As of right now, the example implements an 'older' version of their Consumer and does not employ the new KafkaConsumer. Following the documentation, I have written my own version of the KafkaConsumer thinking that it would be faster.
This is a vague question, but on runthrough I produce 5000 simple messages such as "Message_CurrentMessageNumber" to a topic "test" and then use my consumer to fetch these messages and print them to stdout. When I run the example code replacing the provided consumer with the newer KafkaConsumer (v 0.8.2 and up) it works pretty quickly and comparably to the example in its first runthrough, but slows down considerably anytime after that.
I notice that my Kafka Server outputs
Rebalancing group group1 generation 3 (kafka.coordinator.ConsumerCoordinator)

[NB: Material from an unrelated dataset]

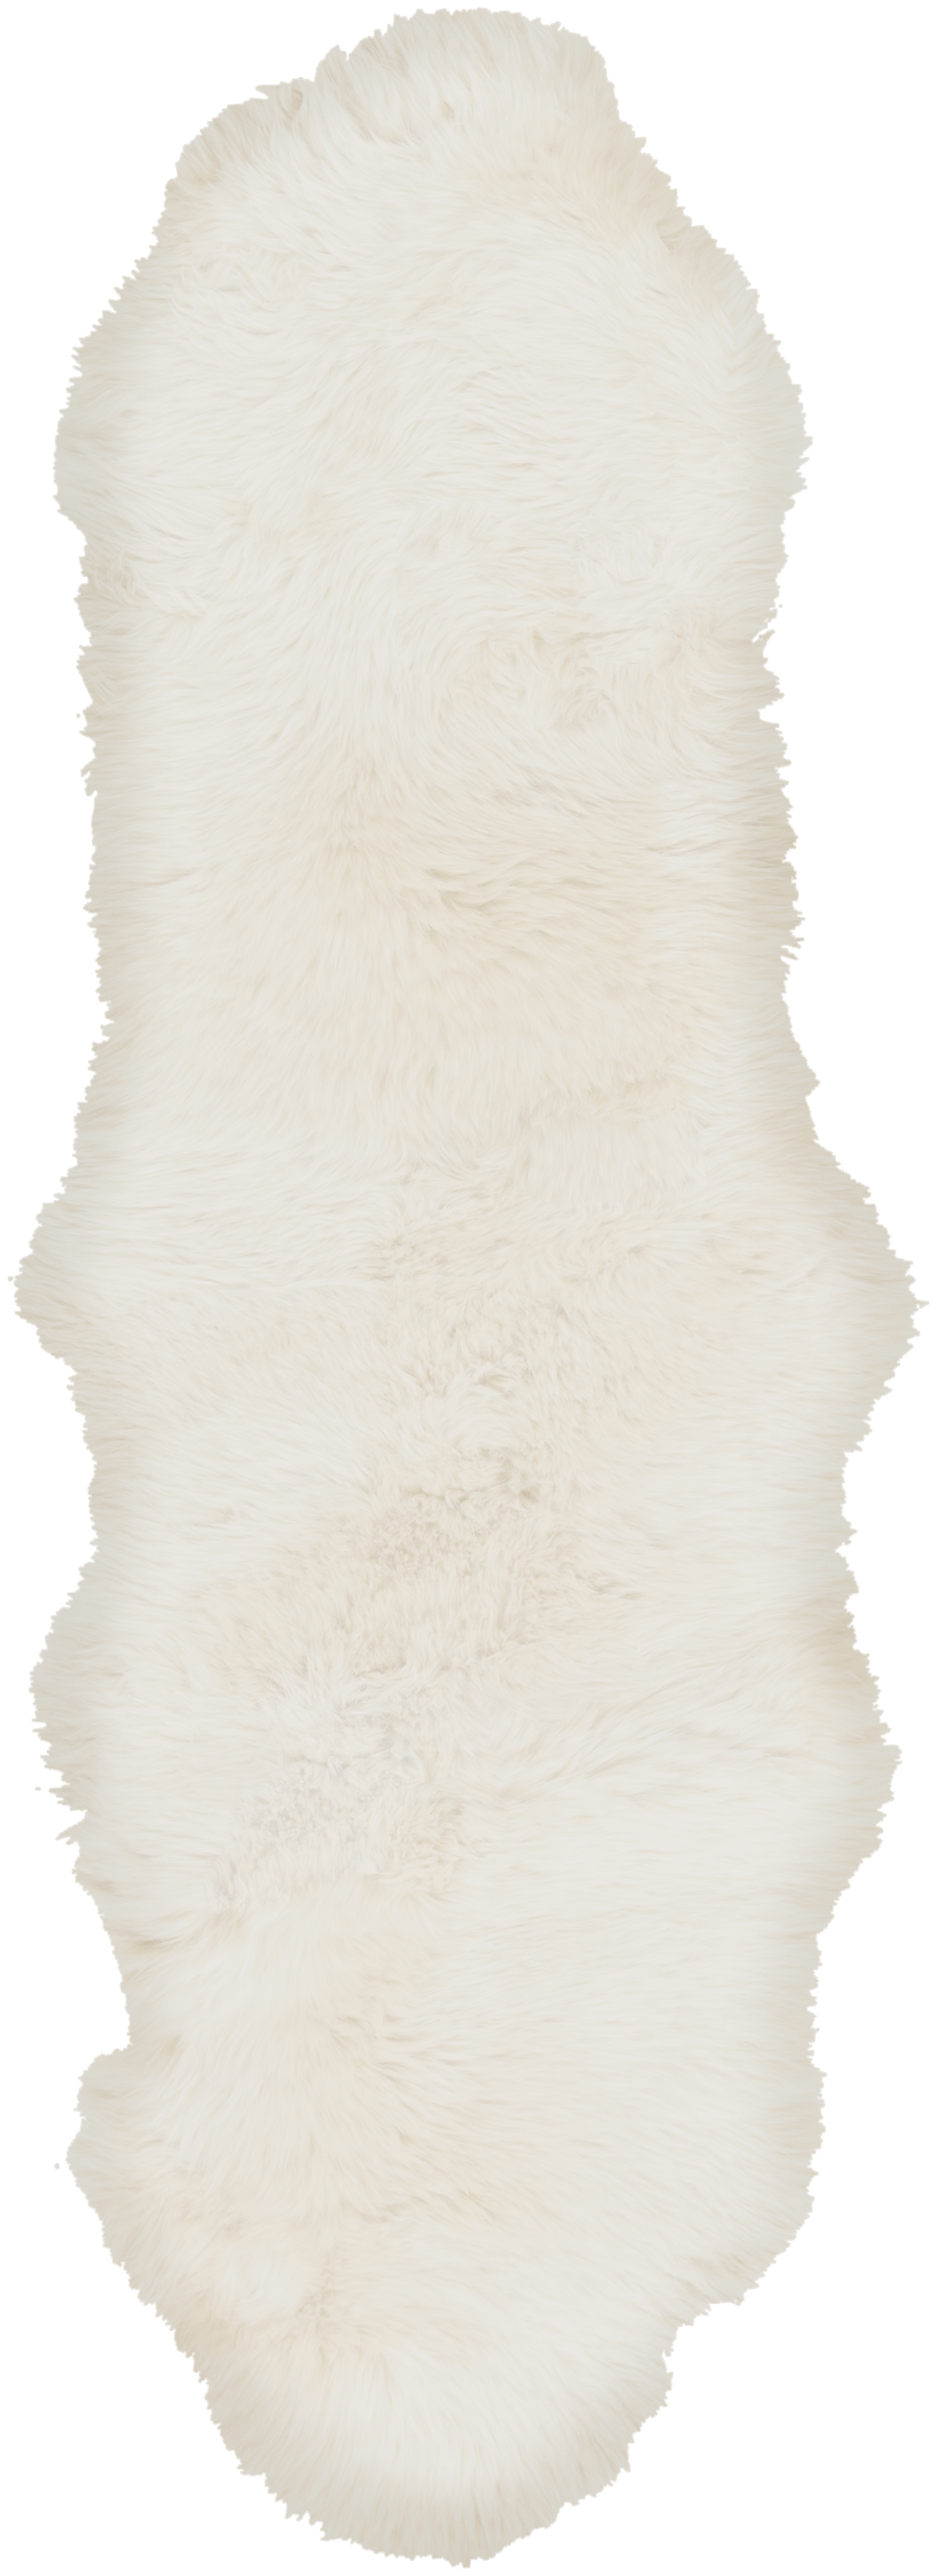 Sheepskin Runner Rug, Ivory, 2' x 6' - Image 0

or similar messages often which leads me to believe that Kafka has to do some sort of load balancing that slows stuff down but I was wondering if anyone else had insight as to what I am doing wrong.

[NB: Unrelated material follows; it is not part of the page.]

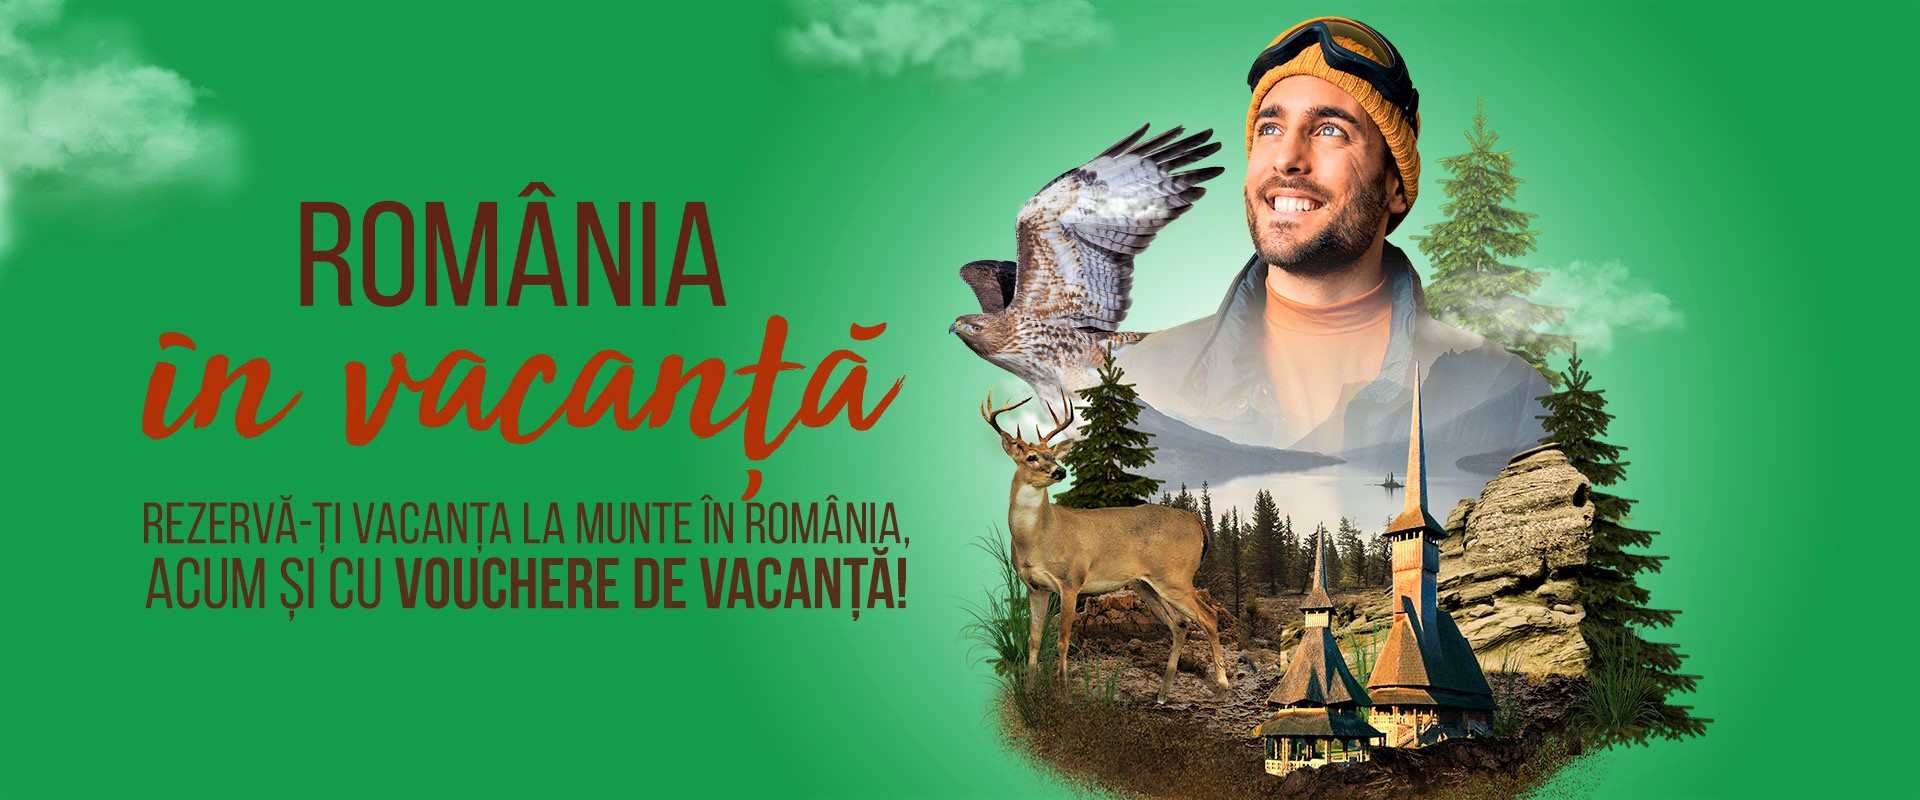 Romania in vacanta - Munte

public class AlternateConsumer extends Thread {
private final KafkaConsumer<Integer, String> consumer;
private final String topic;
private final Boolean isAsync = false;
public AlternateConsumer(String topic) {
Properties properties = new Properties();
properties.put("bootstrap.servers", "localhost:9092");
properties.put("group.id", "newestGroup");
properties.put("partition.assignment.strategy", "roundrobin");
properties.put("enable.auto.commit", "true");
properties.put("auto.commit.interval.ms", "1000");
properties.put("session.timeout.ms", "30000");
properties.put("key.deserializer", "org.apache.kafka.common.serialization.IntegerDeserializer");
properties.put("value.deserializer", "org.apache.kafka.common.serialization.StringDeserializer");
consumer = new KafkaConsumer<Integer, String>(properties);
consumer.subscribe(topic);
this.topic = topic;
}
public void run() {
while (true) {
ConsumerRecords<Integer, String> records = consumer.poll(100);
for (ConsumerRecord<Integer, String> record : records) {
System.out.println("We received message: " + record.value() + " from topic: " + record.topic());
}
}
// ConsumerRecords<Integer, String> records = consumer.poll(0);
// for (ConsumerRecord<Integer, String> record : records) {
// System.out.println("We received message: " + record.value() + " from topic: " + record.topic());
// }
// consumer.close();
}
}
To start:
package kafka.examples;
public class KafkaConsumerProducerDemo implements KafkaProperties
{
public static void main(String[] args) {
final boolean isAsync = args.length > 0 ? !args[0].trim().toLowerCase().equals("sync") : true;
Producer producerThread = new Producer("test", isAsync);
producerThread.start();
AlternateConsumer consumerThread = new AlternateConsumer("test");
consumerThread.start();
}
}
The producer is the default producer located here: https://github.com/apache/kafka/blob/trunk/examples/src/main/java/kafka/examples/Producer.java
This should not be the case. If the setup is similar between your two consumers you should expect better result with new consumer unless there is issue in the client/consumer implementation, which seems to be the case here.
Can you share your benchmark results and the frequency of reported rebalancing and/or any pattern (i.e. sluggish once at startup, after fixed message consumption, after the queue is drained, etc) you are observing. Also if you can share some details about your consumer implementation.